Starting Monday, Aug. 29, a new set of rules from the Federal Aviation Administration will apply to those who want to own a small drone, and they erase a slew of bureaucratic problems.

Previously, users who wanted to own and use such devices had to go apply for a special permission from the federal government, a waiver process that could take at least a few months.

Insiders familiar with the matter point out that while the new rules [PDF] enforced by the FAA on commercial drones take a huge rock of the chests of companies that want to fly UAVs, a number of constraints are still in place.

Here are the main things to remember.

What Are The New Rules?

The new FAA rules say that operators have to maintain eye contact with their drones at all times. This means that pilots have to play with their devices only during daytime, but twilight flights are all right, should the device come embedded with anti-collision lights.

The maximum speed for a drone flying is capped at 100 mph. It also cannot fly higher than 400 feet above the ground. Operators are forbidden to fly drones over someone who is not involved in its operation.

For carrier drones, the top load of the drone and package it holds must be 55 pounds.

Until the new regulations came into play, people who wanted to fly a commercial drone had to request a pilot's license.

Under the new rules, anyone who is older than 16 can take an aeronautical knowledge test at a facility approved by the FAA and can receive a remote pilot certificate. Keep in mind that a background check is also necessary for the remote pilot certificate.

What If Companies Have Plans That Would Break The Rules?

Businesses are permitted to bypass most operational restrictions, but they must prove that their activity will happen in the safest conditions.

The waivers should help authorities have a better understanding of how companies plan on using drones beyond the limited regulations. Big names such as Google and Amazon have already proposed more lax laws that would help them deploy complex drone operations, such as the Amazon Prime Air delivery system.

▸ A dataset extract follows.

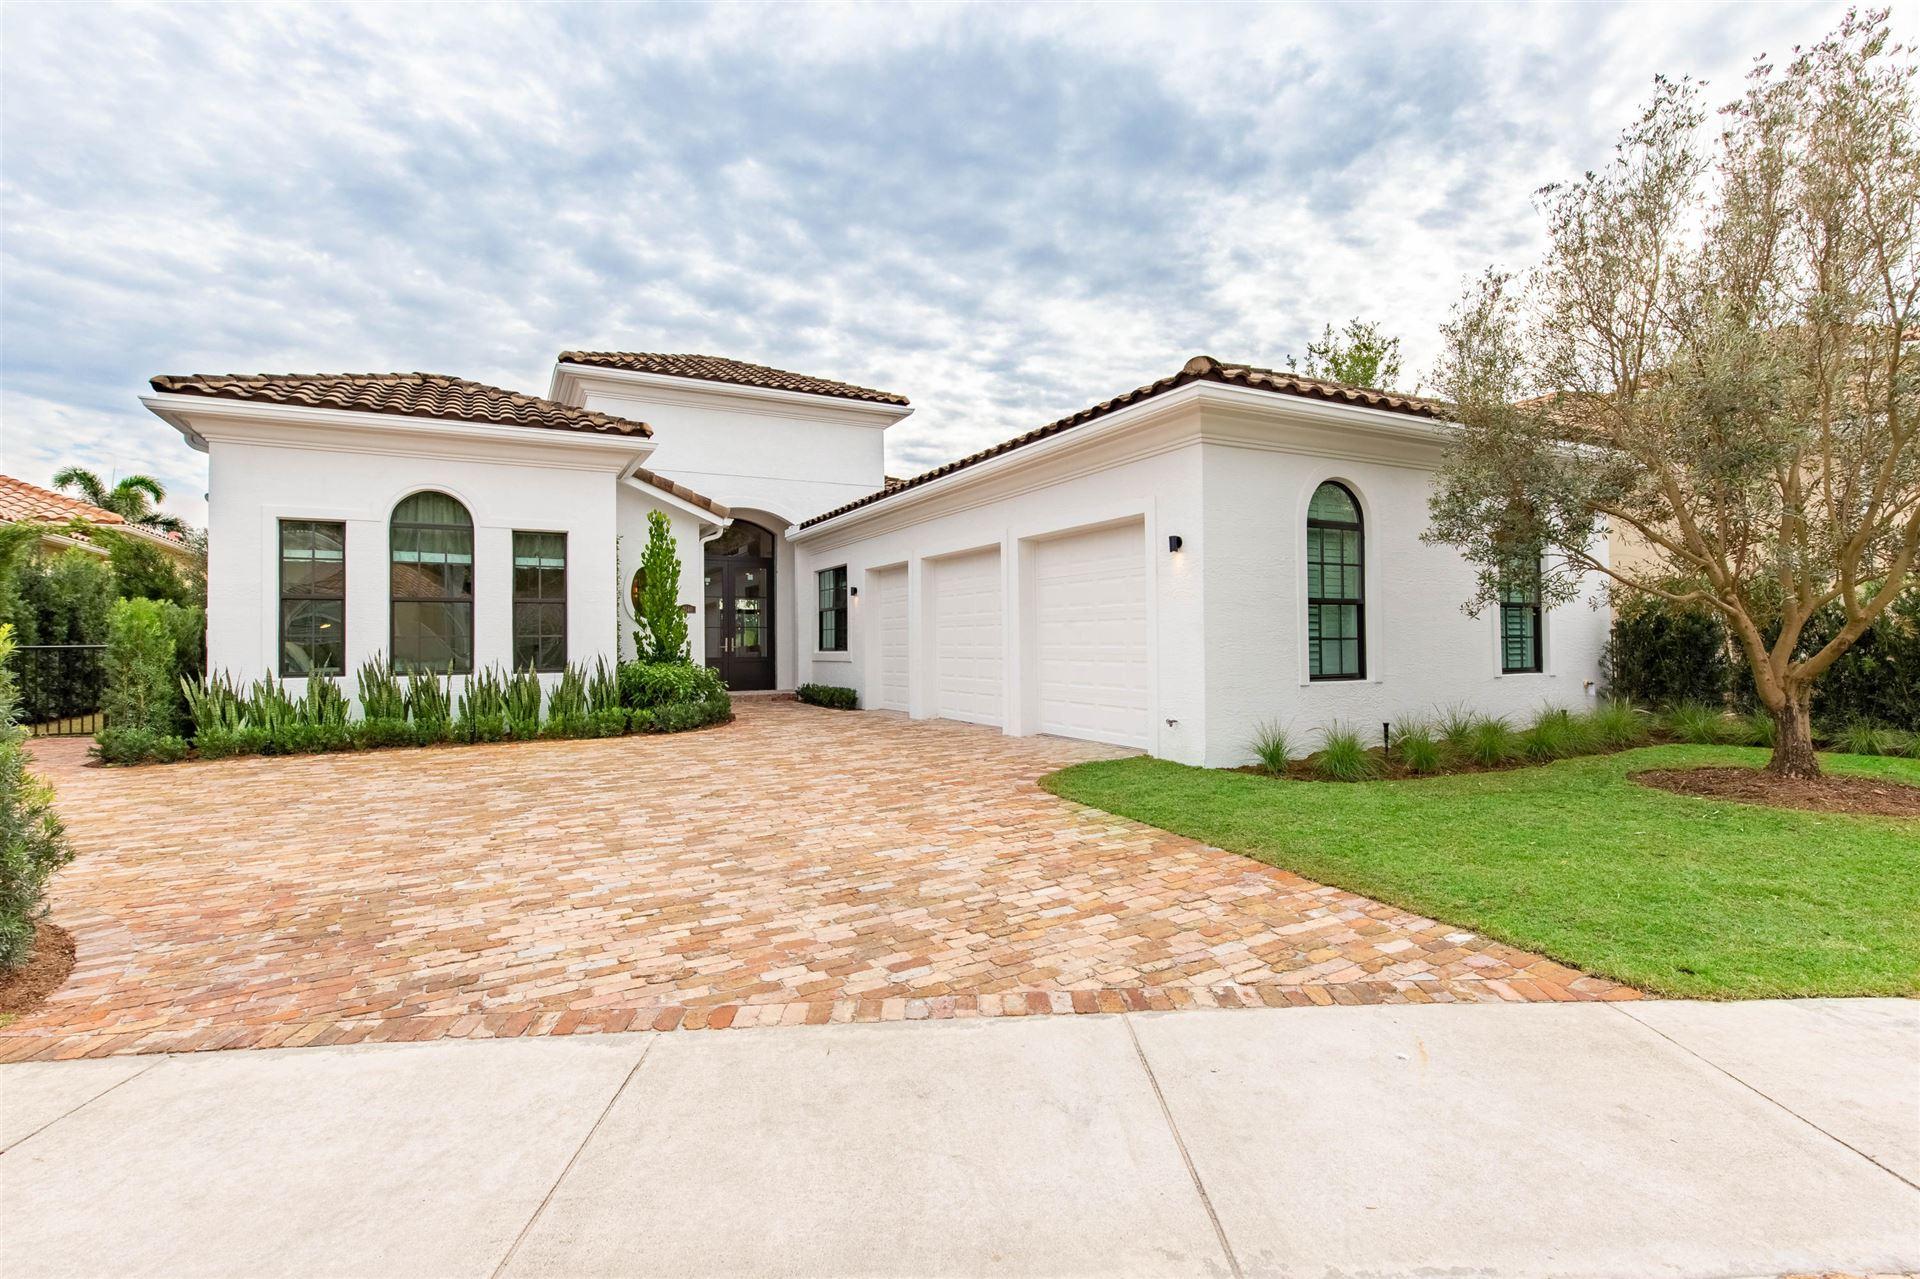 12140 Sunnydale Drive, Wellington, FL 33414 - MLS#: RX-10688967

What Types Of Industries Will Benefit Most From The Rules?

Experts from the industry note that a number of industries will be able to tap into using the drones under the new regulations right away. Some of these are aerial photography, construction and architecture, real estate and others that simply need to take some images or a video clip of a property.

Some other areas, such as farmers who want to survey large fields or oil and gas firms that want to investigate pipelines, will face harsh limitations due to the visual line-of-sight rule. For example, security companies that want to use drones after dark must apply for a waiver in order to have the legal right to do so.

What Is The Future Of Drone Delivery Companies?

According to the new laws, drones can help companies to deliver goods, but the weight and visual line-of-sight restriction means that larger companies that plan to use drones for long-distance travel will have to wait.

Will These Rules Impact The Number Of Commercial Drones?

By eliminating the necessity for a pilot license, the FAA opened the gates for a large number of owners to legally have and operate drones. However, the multiple restrictions might have a checks-and-balances effect on the commercial side of drone operation.

Gretchen West, who is a co-executive director at the Commercial Drone Alliance advocacy group, points out that an increase in drone use once the rules take effect is to be expected.

She goes on to say that regulations are only a part of the reason why commercial drones will take a while before swarming up the skies. She explains that companies tend to manifest an adversity toward risk and as long as they can be sued over privacy issues, they will stick with traditional transportation.

"There's still a lot of challenges we have to overcome to prove the value of drones," West says.